Marriage Through The Years

Those of us who think that marriage has always been like what it is now in 21st century America are way off. The idea of marriage being based on convenience and romance is a new phenomenon. We don’t have the market cornered on a right understanding of marriage. So, there is much we can learn from those who have come before us.

The understanding of marriage refined itself throughout the time of the early church all the way through the reformation. As believers struggled to live out the faith, marriage and family was an area where they carried this out.

From the beginnings of the early church, it is evident that believers prized marriage. In fact, the Didache (an early church compendium of practical insights on the Christian life) is clear in its teaching that marriage is normative and abortion is reprehensible. Furthermore, marriage was a regular topic among early church fathers; both in their writings and in their sermons.
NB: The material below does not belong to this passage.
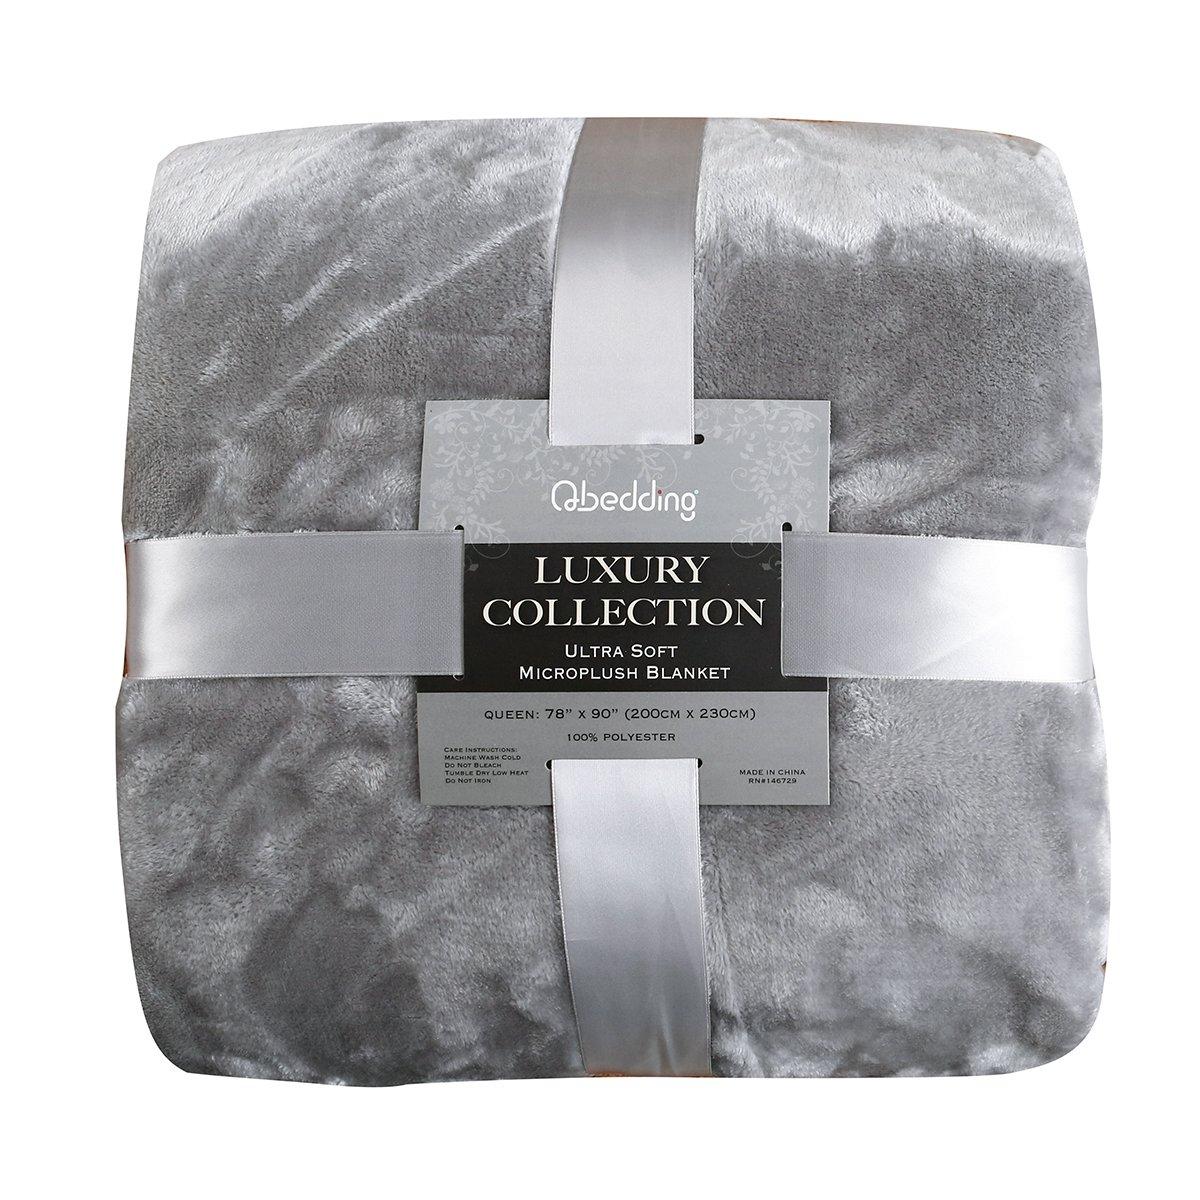 Qbedding Inc. Luxury Collection Ultra Soft Plush Lightweight All-Season Throw/Bed Blanket, King, Gray

Augustine is the greatest among the early church fathers in terms of his theology in general and his theology of marriage in particular. Augustine’s views on marriage stood for nearly a millennium, so understanding his view of marriage shapes a right understanding of this time period.

For Augustine, ‘amor dei’ (the love of God) was the centerpiece of everything. As followers of Christ, we are to love the Giver more than His gifts. Therefore, all things are to be used for the enjoyment of God alone. A major concern for Augustine was, ‘does the gift of marriage distract from the Giver?’ The answer is ‘it can be, but it doesn’t have to be.’

Marriage was God’s idea. He created marriage, and therefore designed it to glorify Him. Marriage should be another way of worshipping God, but sin changes everything. We are fallen lovers, and marriage is tainted as a result. Contrary to Augustine’s concerns, marriage should not be shunned because it has the potential to distract from the Giver. Instead, it should be redeemed to magnify the Giver.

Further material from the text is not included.